TUGAS 1 BAHASA INDONESIA



"Kami poetera dan poeteri Indonesia, mendjoendjoeng bahasa persatoean, bahasa Indonesia."
Butir terakhir dari isi Sumpah Pemuda yang tertulis dalam ejaan lama dan dikumandangkan oleh putra-putri Indonesia 84 tahun silam ini seakan mendunia. Suatu kenyataan dan lompatan yang sulit dibayangkan kita semua sebagai anak bangsa apabila suatu saat nanti menyaksikan Indonesia dipersatukan oleh masyarakat internasional dalam bahasa Indonesia. Kemungkinan ini sebenarnya sudah berproses melalui akar sejarah yang terbentuk sejak tersebarnya kebudayaan dan masyarakat Indonesia hingga ke seluruh dunia beberapa abad sebelumnya.

"Halo, saya orang Indonesia," sapa seorang pria setengah baya bertampang bule yang mengaku nenek moyangnya keturunan Indonesia ke penulis saat menghadiri upacara pengibaran bendera di kompleks Kedutaan Besar Republik Indonesia (KBRI) di Colombo, Sri Lanka, pada 17 Agustus 2011 . Rupanya pria yang hanya mengerti beberapa patah kata dalam bahasa Indonesia ini sudah mendapatkan informasi terlebih dulu dari staf KBRI di Colombo mengenai kedatangan penulis yang berprofesi sebagai wartawan dari sebuah media online di Jakarta saat itu.
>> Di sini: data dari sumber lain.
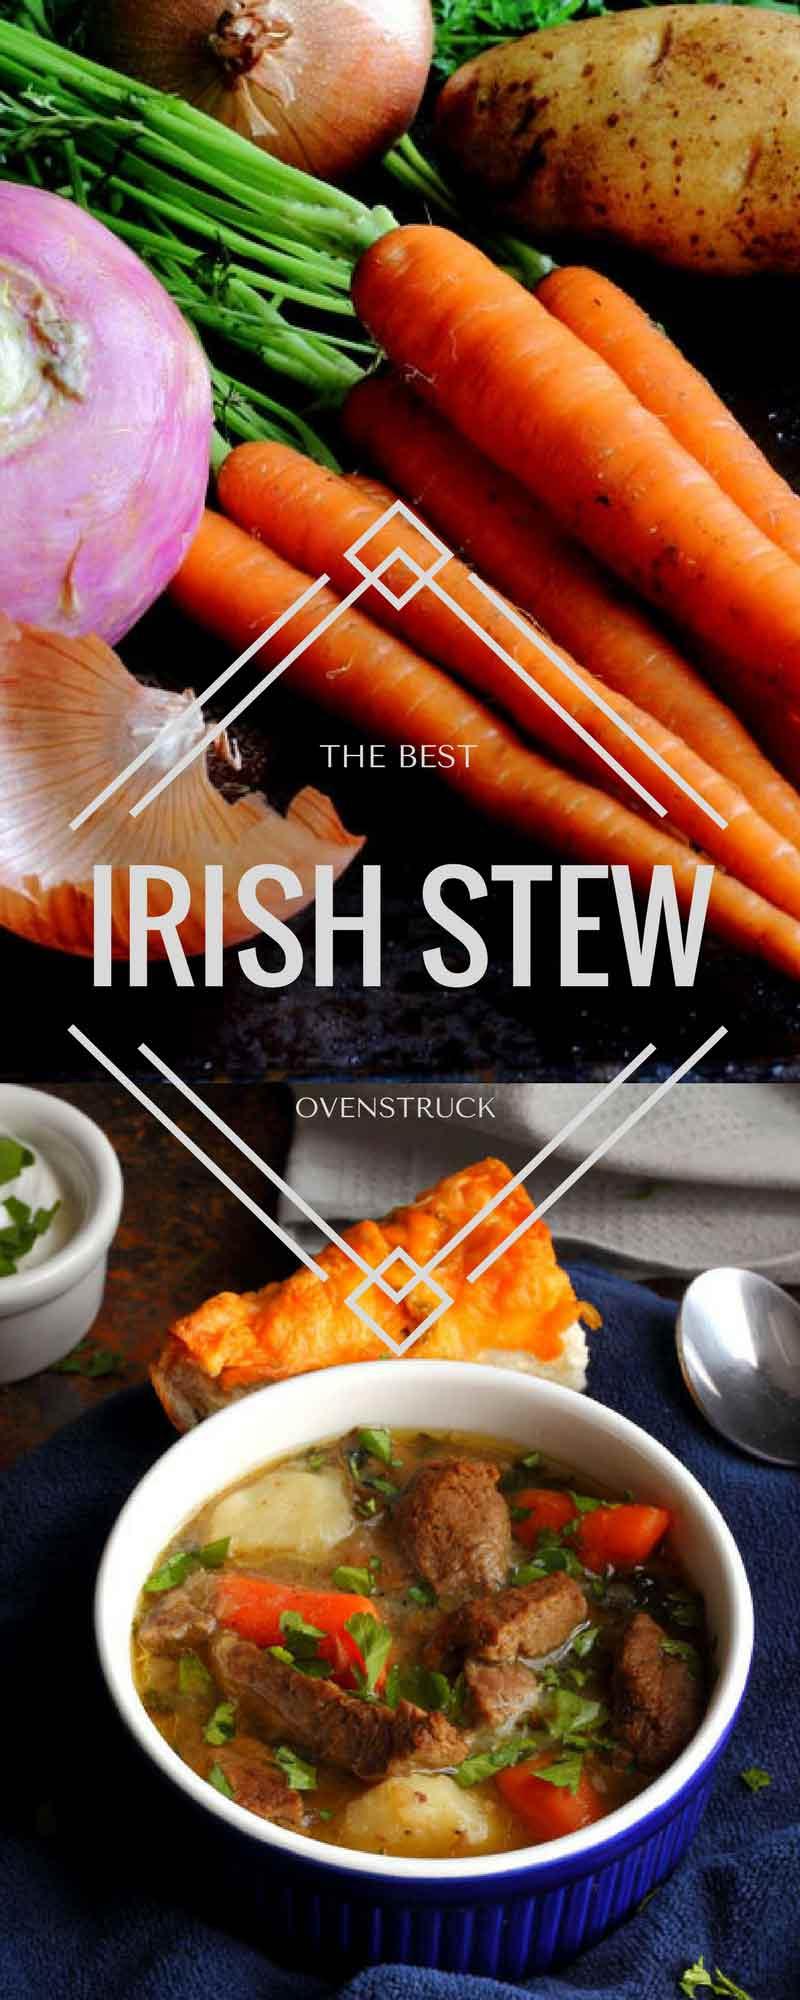 The Best Irish Stew

Penulis kemudian menyadari warga keturunan Indonesia pertama yang diyakini diasingkan oleh Pemerintah Kolonial Belanda ke Sri Lanka adalah rombongan Pangeran Adipati Amungkurat III beserta para keluarga dan pengikutnya pada 1708. Sebagian besar mereka yang diasingkan berasal dari Pulau Jawa.
Namun, ada pula yang berasal dari Sumatra, Maluku, Madura serta Tidore. Mereka yang kemudian menolak untuk dipulangkan kembali ke Indonesia kawin-mawin di antaranya dengan penduduk lokal. Sebagian besar keturunan mereka saat ini yang sudah kehilangan status kewarganegaraan Indonesia tidak mengetahui persis siapa nenek moyang mereka.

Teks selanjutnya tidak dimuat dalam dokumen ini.